10. On the first issue, the appellant’s case is that the court ought to have seen the chief’s letter and noted that the deceased’s mother was a dependent therefore should have awarded an amount for loss of dependence; the respondents’ case is that the deceased’s mother was not listed in the pleadings and therefore the appellants cannot depart from what they pleaded. I have considered the provisions of the Fatal Accidents Act which was meant to cure a deficiency in the common law where the cause of action did not provide for dependents of a deceased person. Section 4(1) of the Fatal Accidents Act provides as follows;

Every action brought by nature of the provisions of this Act shall be for the benefit of the wife, husband, parent and child of the person whose death was so caused [and shall …. be brought by and in the name of the executor or administrator of the person deceased……’’

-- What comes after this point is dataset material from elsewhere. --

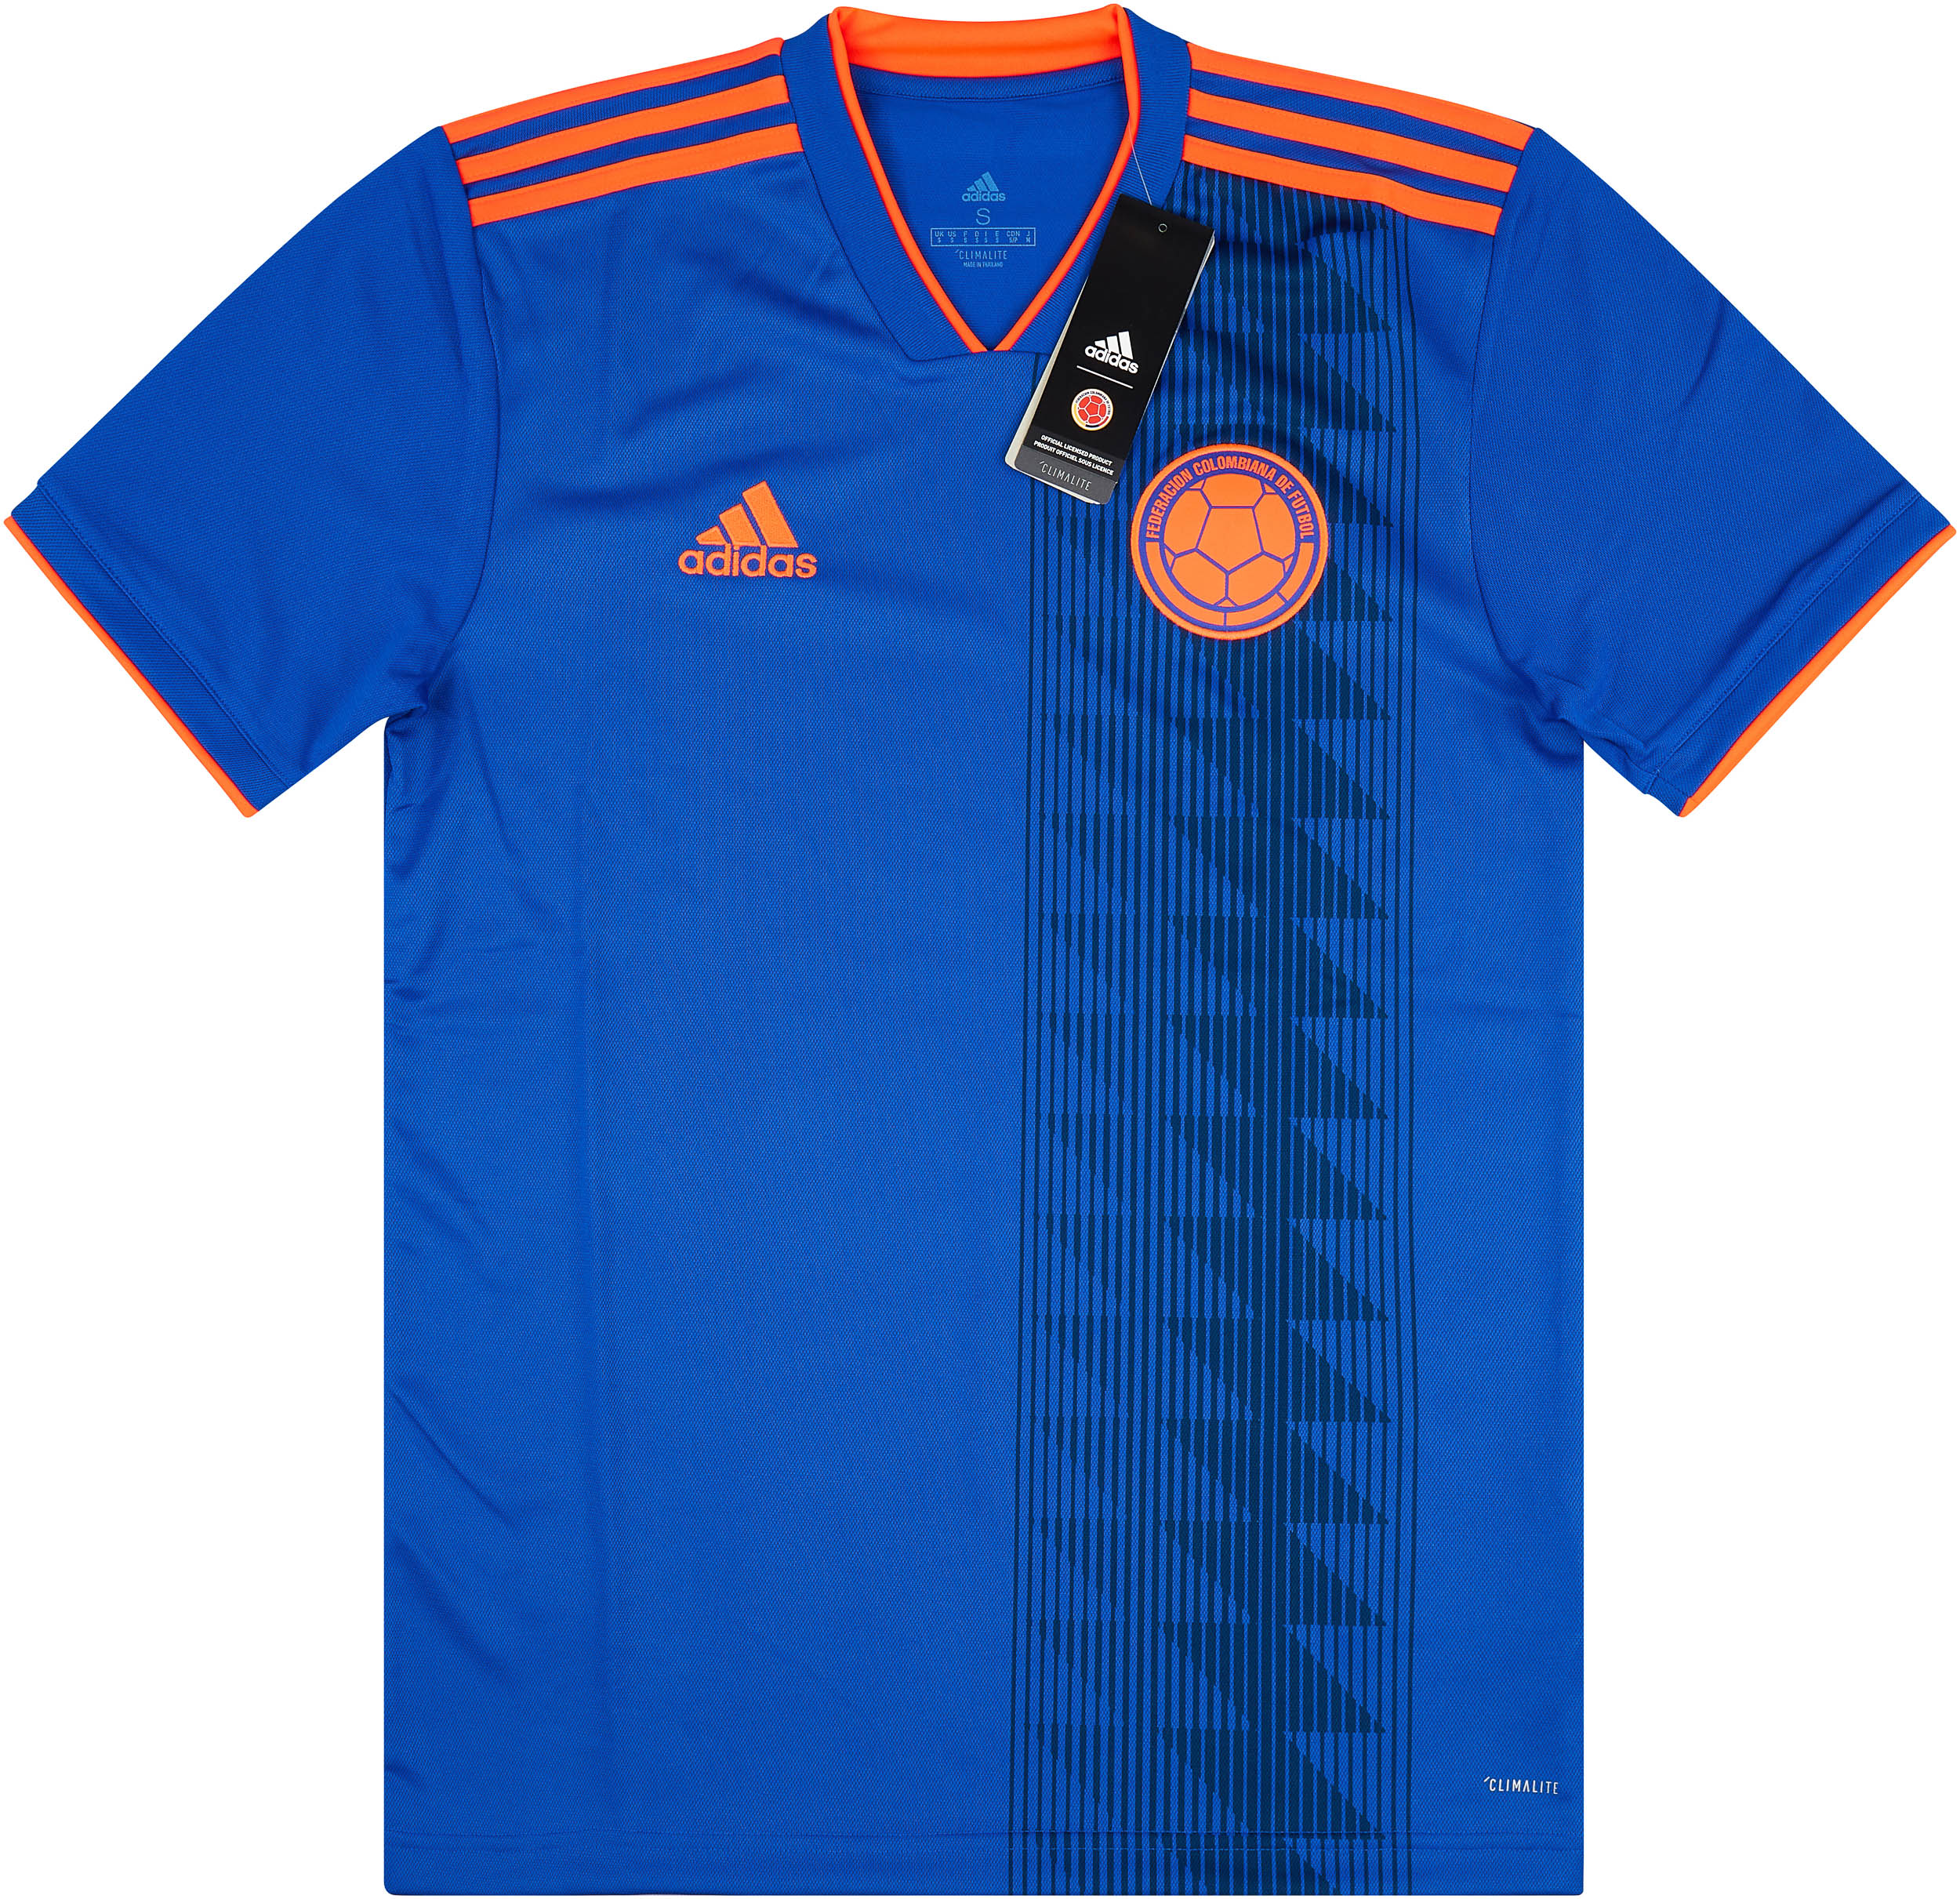 2018-19 Colombia Away Shirt ()

11. It was therefore the duty of the appellants to prove that the mother of the deceased was his dependent. I have looked at the appellants’ testimony and there is no attempt to even mention their mother and therefore by throwing the chiefs letter to the court and expecting the court to argue their case for them by finding that the deceased’s mother was a dependent without creating a foundation for such a finding by leading evidence in that direction, the appellants could not expect the court to find that they met their burden of proof. In any event, the chief’s letter dated 19. 6.2017 does not even mention the deceased’s mother on the list; it only mentions his brothers. I find that the court did not err in its finding that dependency was not proven.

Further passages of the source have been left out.